I’m sure there are all kinds of activities going on out East but in here in little ole Manhatta, it’s just quiet to quieter except for the FedEx, UPS, USPS and delivery trucks unloading what looks like everything but the kitchen sink. And who knows, maybe that too.
Meanwhile, one month ago, to be exact, there was a wedding abroad followed by what I know from personal experience to be a perfect maiden voyage for a marriage — a yacht to cruise the Mediterranean. The bride, Sandra Sanches, is director of public relations and major gifts for the Association of Community Programs for the Homeless (ACE). She was given away in marriage by Henry Buhl, who is the founder of ACE, to Gregory Redmond.

Henry is a most interesting man with an interesting background. Coincidentally I did an interview with him back in the early 90s about this organization he created. Personally an heir to an automotive fortune as well as a highly successful career in the financial world in the 1970s, he’d been living in Europe when he returned to live in New York where he bought a loft in SoHo.
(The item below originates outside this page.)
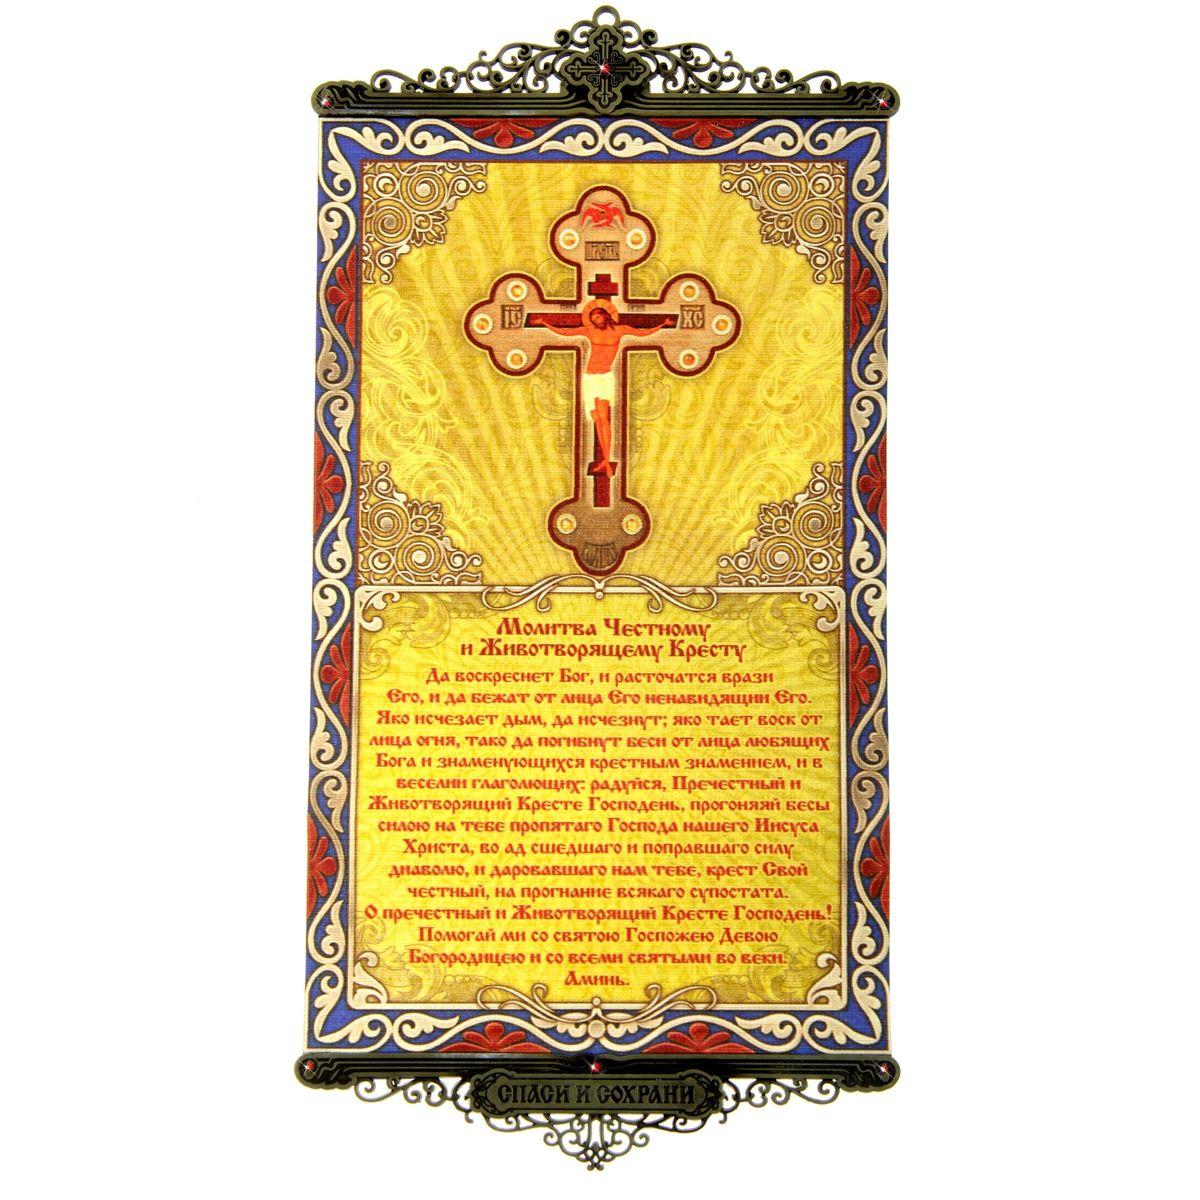 Икона с молитвой Молитва Честному и Животворящему Кресту, на подвесах602840Икона с молитвой Молитва Честному и Животворящему Кресту выполнена из плотного текстиля с нанесенным цветным рисунком, края декорированы ажурными металлическими вставками со стразами. Цветовая гамма и интерьер влияют на настроение каждого, именно поэтому так важны детали, которые нас окружают. Знатоки интерьерных решений стараются применять самые разнообразные решения при художественном оформлении внутреннего пространства и использовать все возможные материалы. Икона с молитвой на подвесах - это хорошее решение для интерьера по выгодной цене!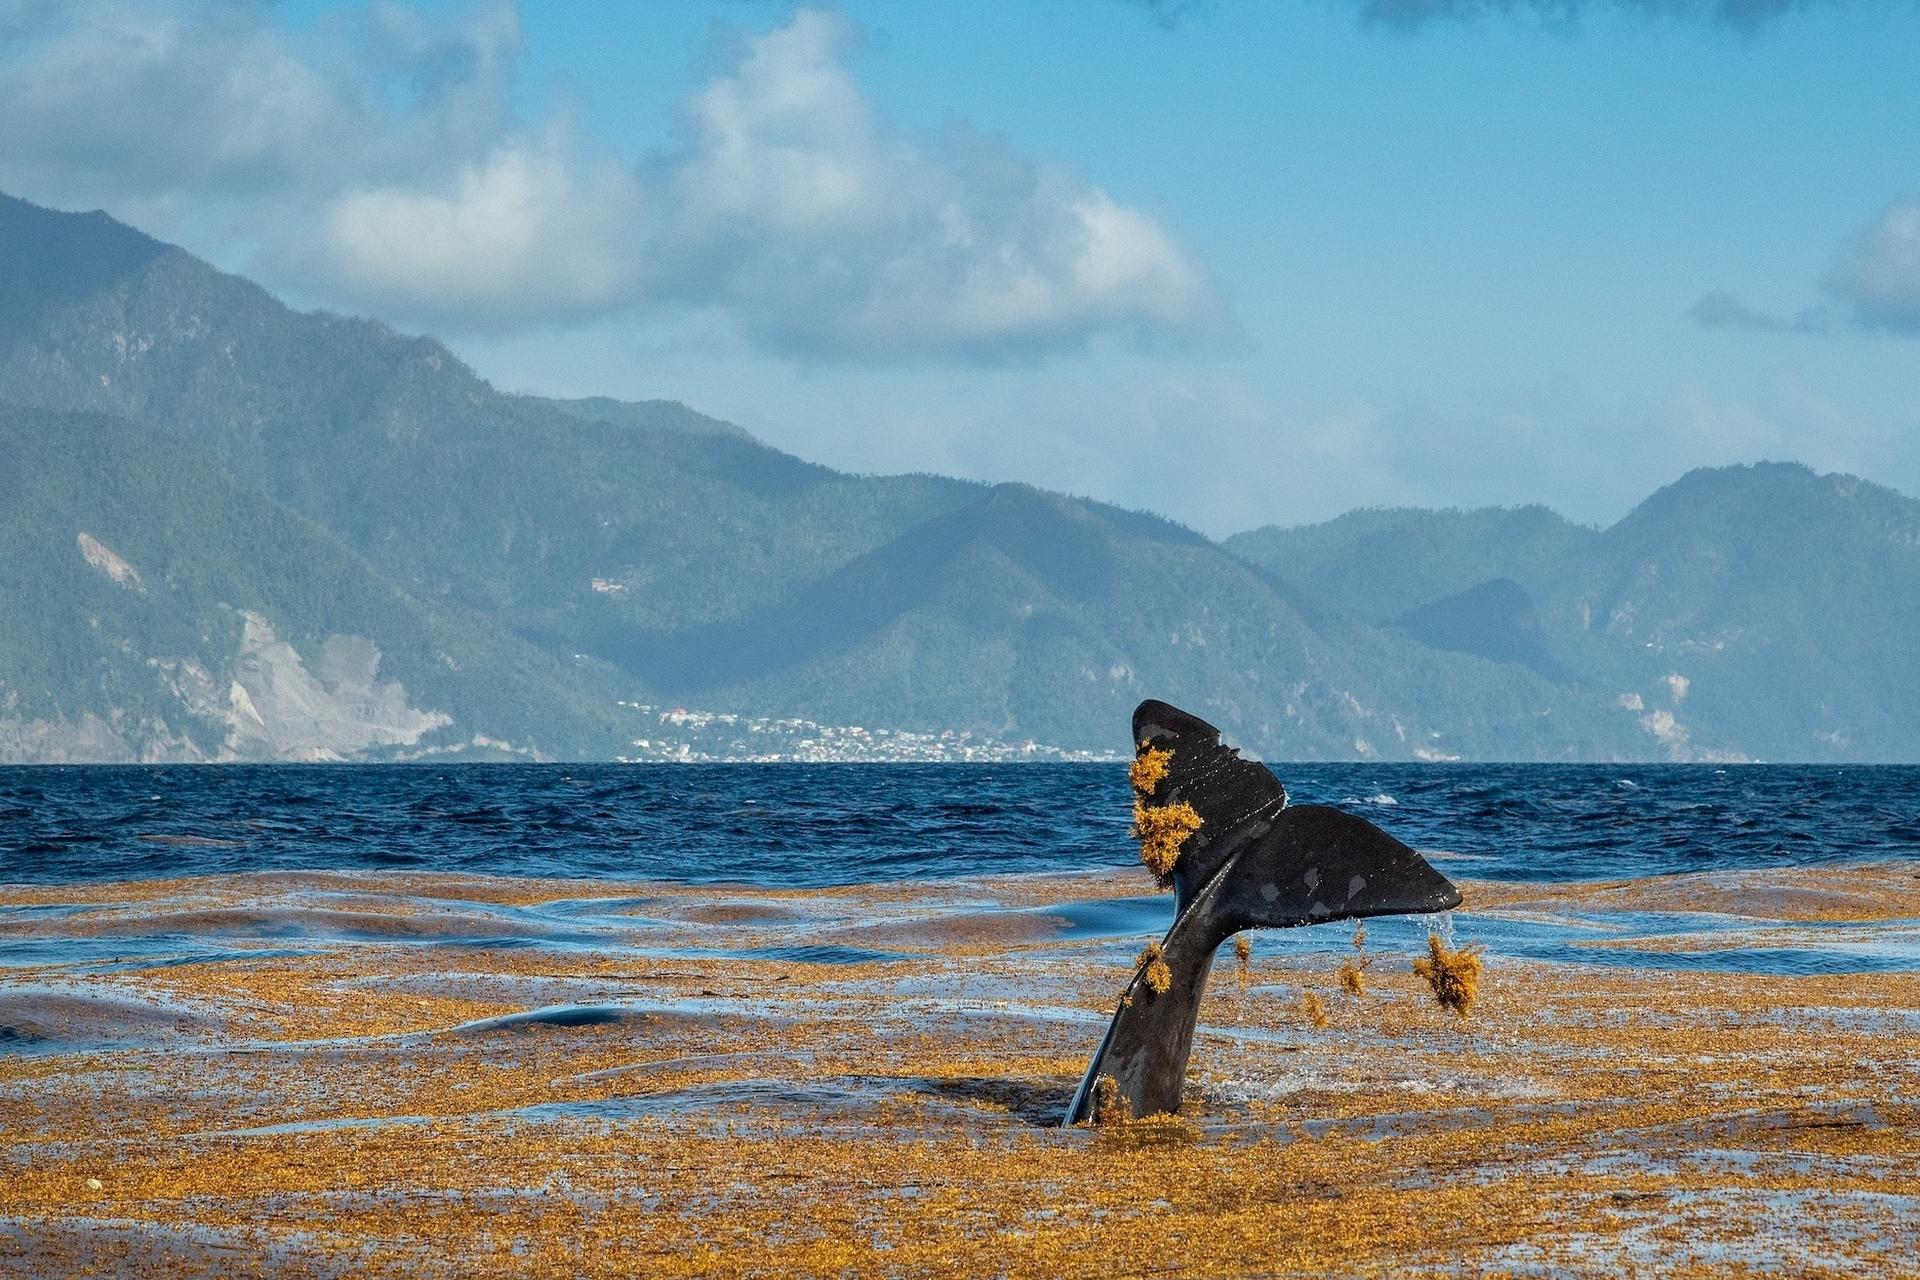 一隻抹香鯨在多米尼克外海的一片馬尾藻中玩耍。儘管我們很少會見到這種行為,但鯨魚似乎很享受粗糙海草刮擦皮膚的感覺。PHOTOGRAPH BY BRIAN SKERRY

In moving into the neighborhood, he encountered a lot of homeless people.
Wanting to be helpful but not wanting to be just another person handing over some cash, he developed a local neighborhood program to inspire and assist homeless men and women in acquiring shelter. Like the rest of us. It’s been almost thirty years since that interview, and I haven’t seen Henry in at least twenty. So I learn through this bride Ms. Sanches that Henry’s ACE continues to assist. These are the real heroes in our lives today.
Click here for photographs from the wedding.
Their story somehow stirred up memories of my own experience with marriage and the actual wedding ceremony. I was married in 1964 at age 23 to a girl who was two years younger.
I mention our ages because it was fashionable, even common back then to marry by one’s early 20s. The events leading up to The Big Day were fun — dinners, “engagement” cocktail parties — and especially the big dinner the night before here in New York. I was a boy who grew up in Massachusetts, and she was a born and bred New York girl. I was moving up in the world (in my own estimation) and it was a happy excursion.

The ‘rehearsal dinner the night before at a smart French restaurant on East 52nd Street and the East River, with both families and close friends in the wedding party, set the tone for the upcoming event. It was black tie (this was New York) and the women dressed for the occasion. It was a free-for-all of family stories and opinions of both prospective bride and groom, and a lot of fun.
I don’t recall the details except it was one of the best personal parties I’ve ever been to in my life: everybody had a good time and a “lotta laughs” throughout.
Then came the big day, Saturday at the church on East 89 Street between Park and Madison Avenues. Also formal attire to match the bride’s dress. I remember very little about the “leading up” to the ceremony which must have been scheduled for (I don’t recall specifically) midday. All I recall was being at the church, dressed and ready, and waiting out in an ante-room before I was to go out before my bride came down the aisle.
I was alone for the first time in the whole experience. By myself, dressed up in my formal duds, waiting … And I became very nervous; it suddenly hit me — what I was doing. Changing my life! Forever! The feeling was so strong that I suddenly had an enormous desire to RUN AWAY!! It was a feeling greater than any I ever had before. Just leave. Just leave the room, leave the church, walk down to the avenue, catch a cab and leave.
It had nothing to do with my wife-to-be but the sudden realization that I was crossing over to responsibilities that theretofore were never part of my life, accompanied by the profound fear that I couldn’t handle it, that I didn’t have the natural strength and power.

However, despite the huge desire to run away, standing there, all dolled up in my white tie and tails, looking like a million bucks, waiting for my beautiful wife to come down the aisle, I stayed. And at the appointed time, I went out into the sanctuary waiting for her to come down the aisle bursting with the joy I knew from her face. And the music started and the rest is history. It took me a couple of days to recover from that last minute anxiety, although it passed and was forgotten. Until just now thinking about the couple who sailed the Mediterranean after their ceremony. My wife and I went to the Bahamas where the parents of a classmate-friend had lent us their apartment where we (I) calmed down and we started a life of several wonderful years.
We were divorced about nine years later, although we are still, to this day, part of each other’s lives, and thoughts. Good news abounds.